Ubiquitous Knowledge Processing Lab
The Ubiquitous Knowledge Processing Lab (also UKP Lab) is a research lab at the Department of Computer Science at the Technische Universität Darmstadt. It was founded in 2006 by Iryna Gurevych.
Research Activities
UKP Lab develops natural language processing techniques for automatically understanding written text and applies them to information management like information retrieval, question answering, and structuring information in Wikis.[1]
The Ubiquitous Knowledge Processing Lab is among the leading research institutes in the field of utilizing Web 2.0 content as the source of lexical semantic information for natural language processing (NLP). Wikipedia and Wiktionary are employed as collaboratively constructed lexical semantic resources and used to improve expert-built resources like WordNet. These resources are used to develop semantically enhanced algorithms for information retrieval and question answering. An example is semantic search: If a user enters the query "pie-fruit" into a search engine, a standard search engine will retrieve pages containing the words "pie" but not the word "fruit", providing plenty of pages on "apple pie". An intelligent search engine will "understand" that the user is interested in pie recipes that do not use any type of fruit and retrieve appropriate documents.[2]
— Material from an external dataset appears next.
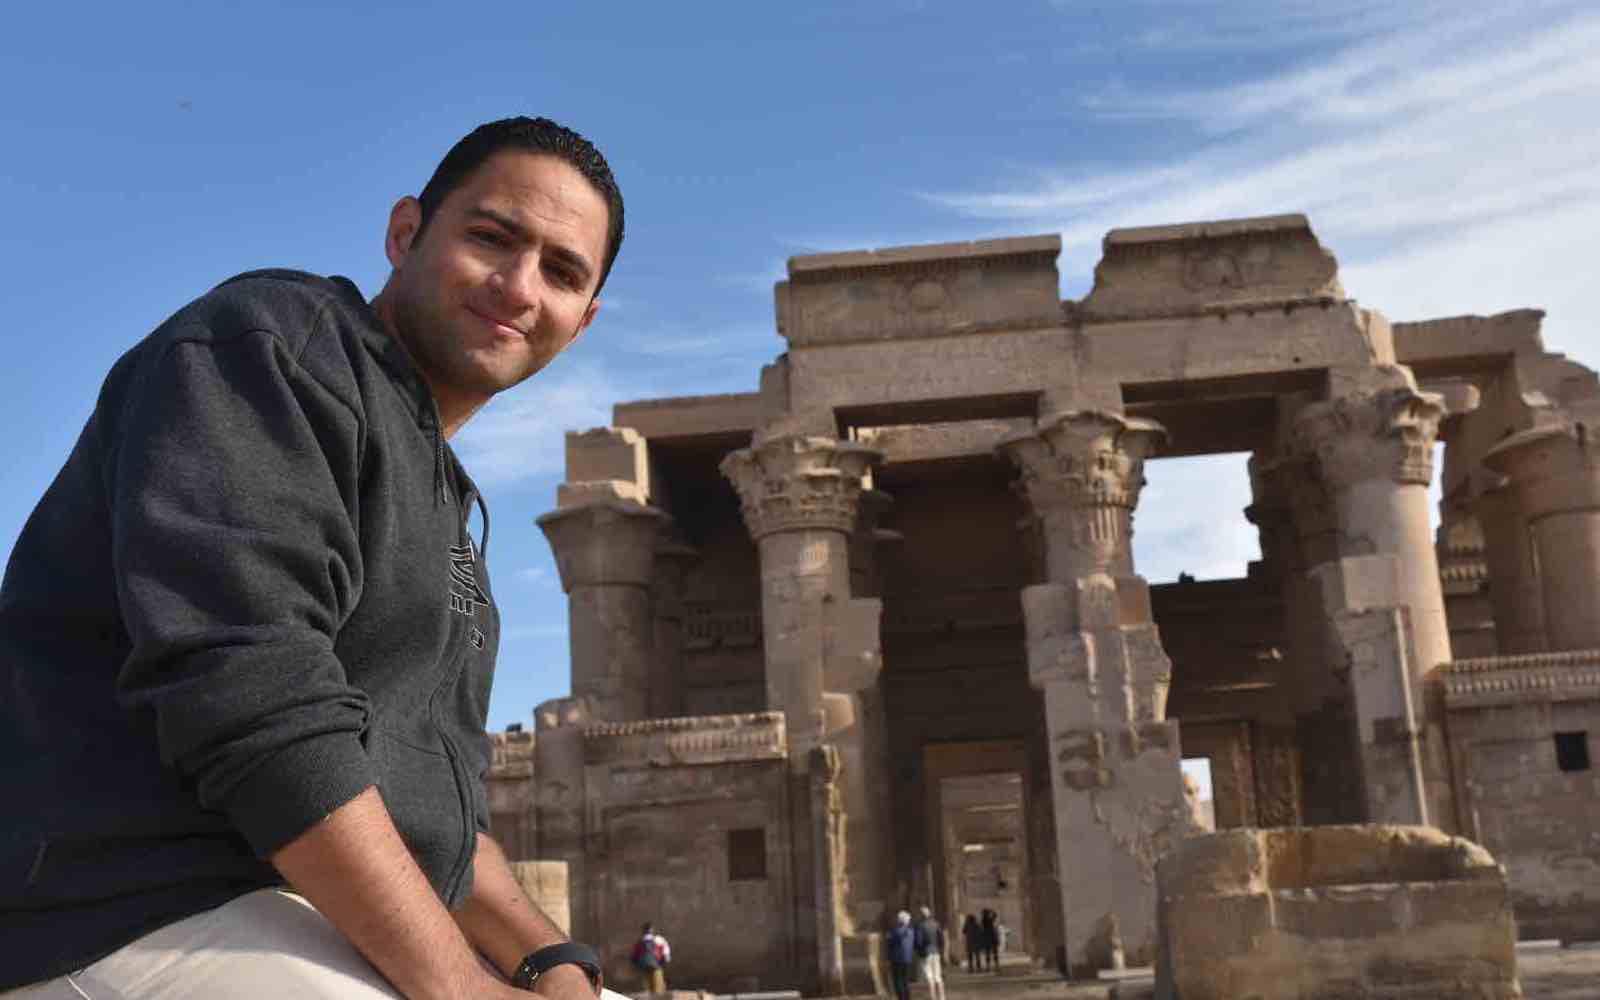 Local advice: Cairo safe and never sleep

Further research activities at UKP lab are automatic quality assessment of text, sentiment analysis and opinion mining. Research activities are organized into the following research areas:
- Educational natural language processing
- Multilingual semantic information management
- Natural language processing for Wikis
A strong focus at UKP Lab is on utilizing novel natural language processing algorithms in real-life applications. UKP Lab collaborates with partners from academia and industry to improve various application scenarios, such as customer relationship management, digital humanities, educational applications, or public security.
Software
Part of the research efforts at UKP Lab is the development of natural language processing (NLP) software. The following software packages are freely available for research purposes:
DKPro
The Darmstadt Knowledge Processing Software Repository (DKPro) is an open source community of software projects aimed at Natural Language Processing. It offers robust, ready to use NLP components which are built on top of IBM’s Unstructured Information Management Architecture (UIMA) as a common and open framework.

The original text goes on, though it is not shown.